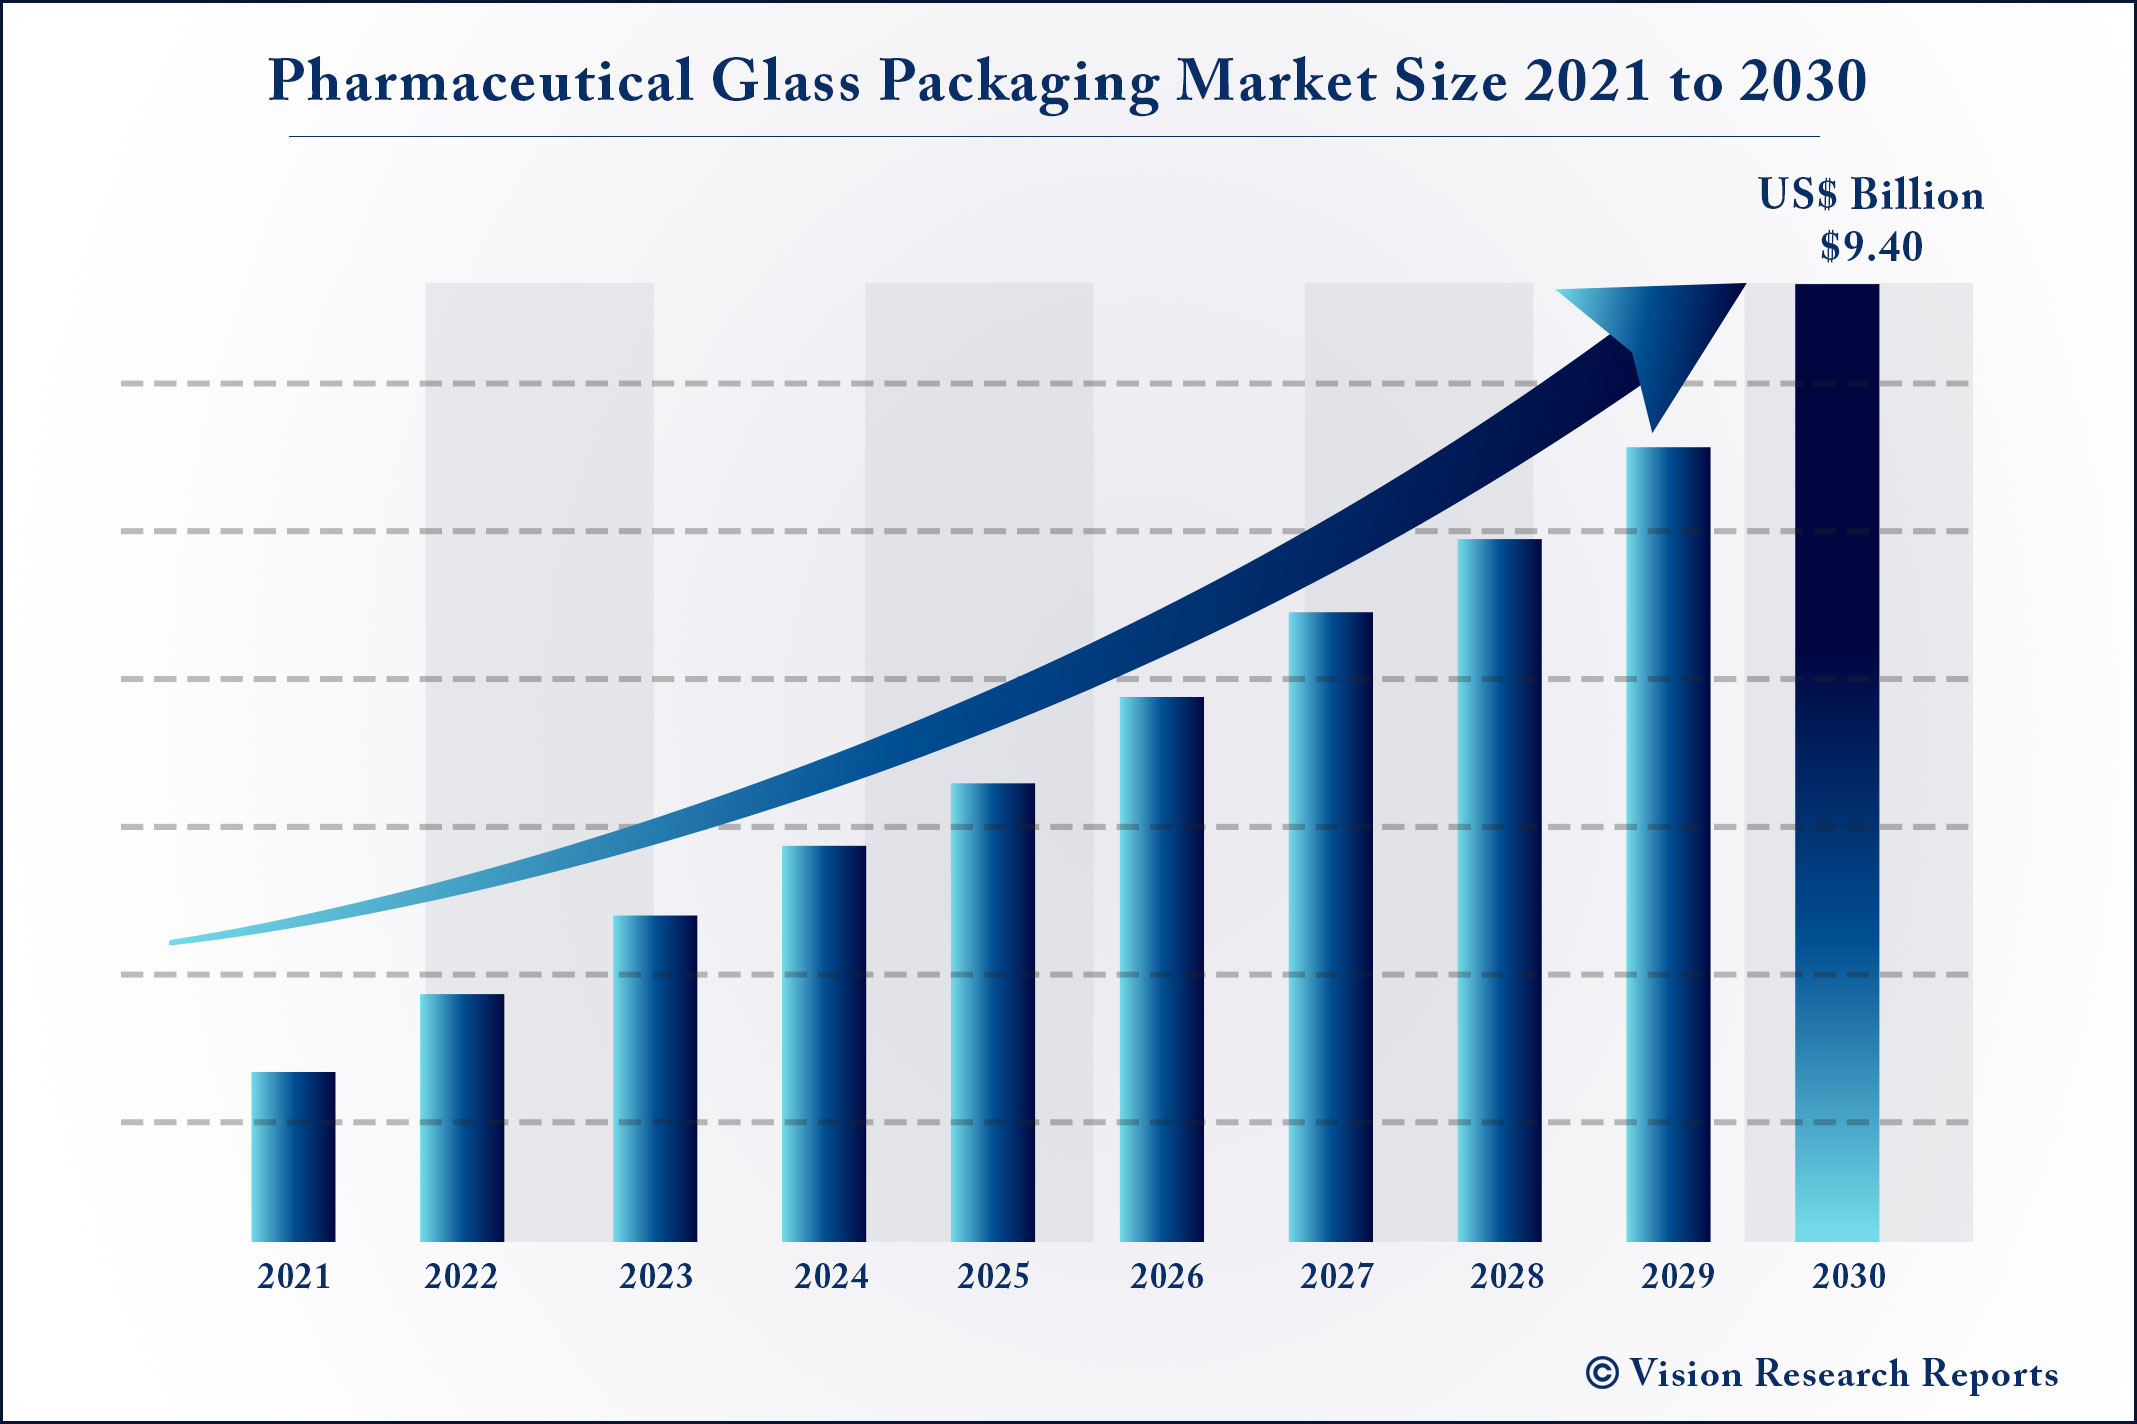 Pharmaceutical Glass Packaging Market Size 2021 to 2030
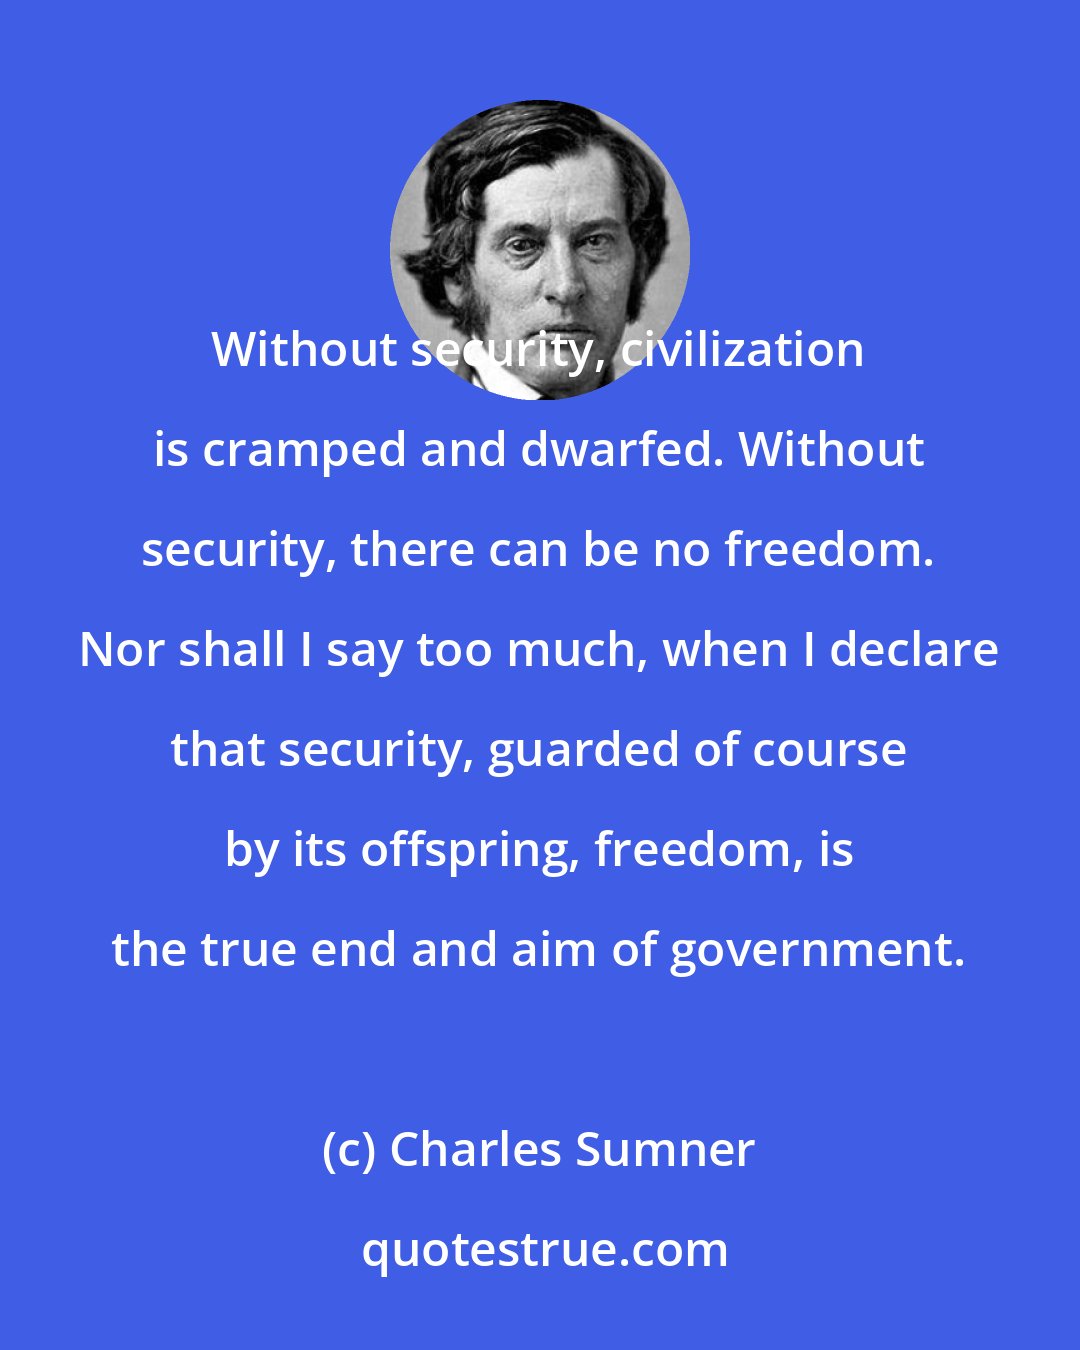 Charles Sumner: Without security, civilization is cramped and dwarfed. Without security, there can be no freedom. Nor shall I say too much, when I declare that security, guarded of course by its offspring, freedom, is the true end and aim of government.
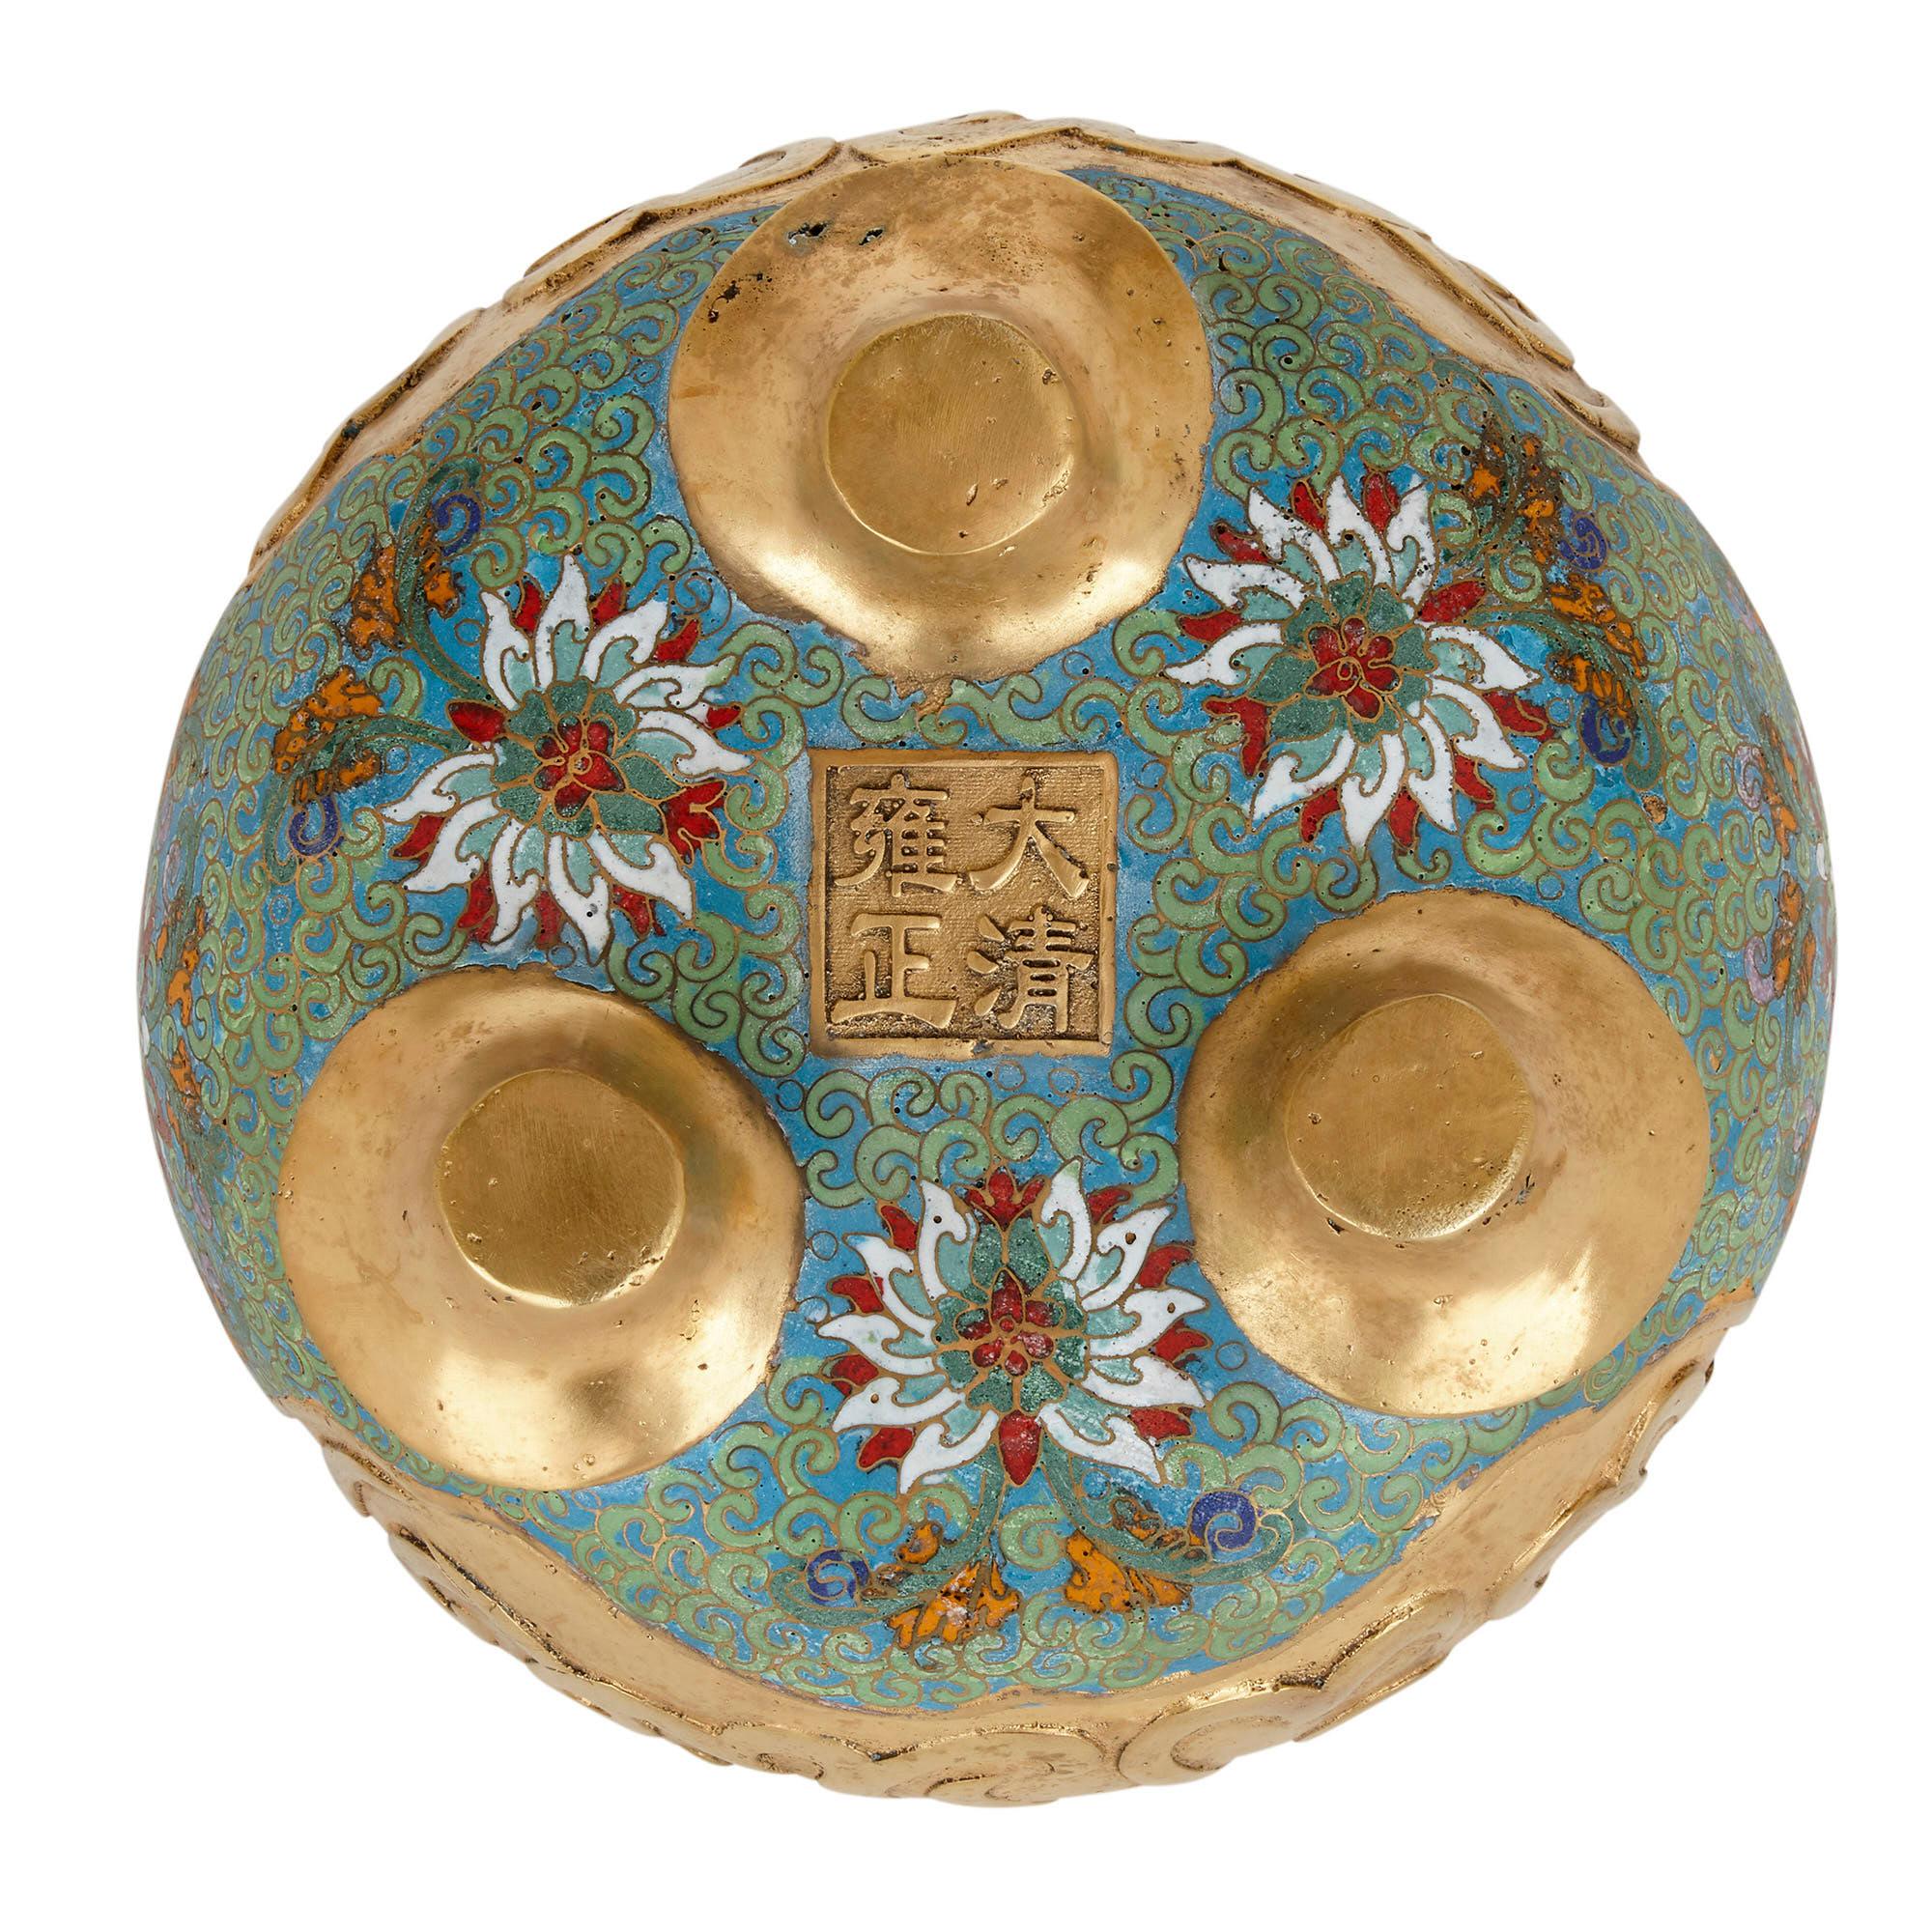 20th Century Chinese Ormolu and Cloisonné Enamel Vase for the Islamic Market For Sale

########################################

WORK ITEM: Please return the material above unchanged, with every picture removed.

FINAL ANSWER:
 Pharmaceutical Glass Packaging Market Size 2021 to 2030
 Charles Sumner: Without security, civilization is cramped and dwarfed. Without security, there can be no freedom. Nor shall I say too much, when I declare that security, guarded of course by its offspring, freedom, is the true end and aim of government.
 20th Century Chinese Ormolu and Cloisonné Enamel Vase for the Islamic Market For Sale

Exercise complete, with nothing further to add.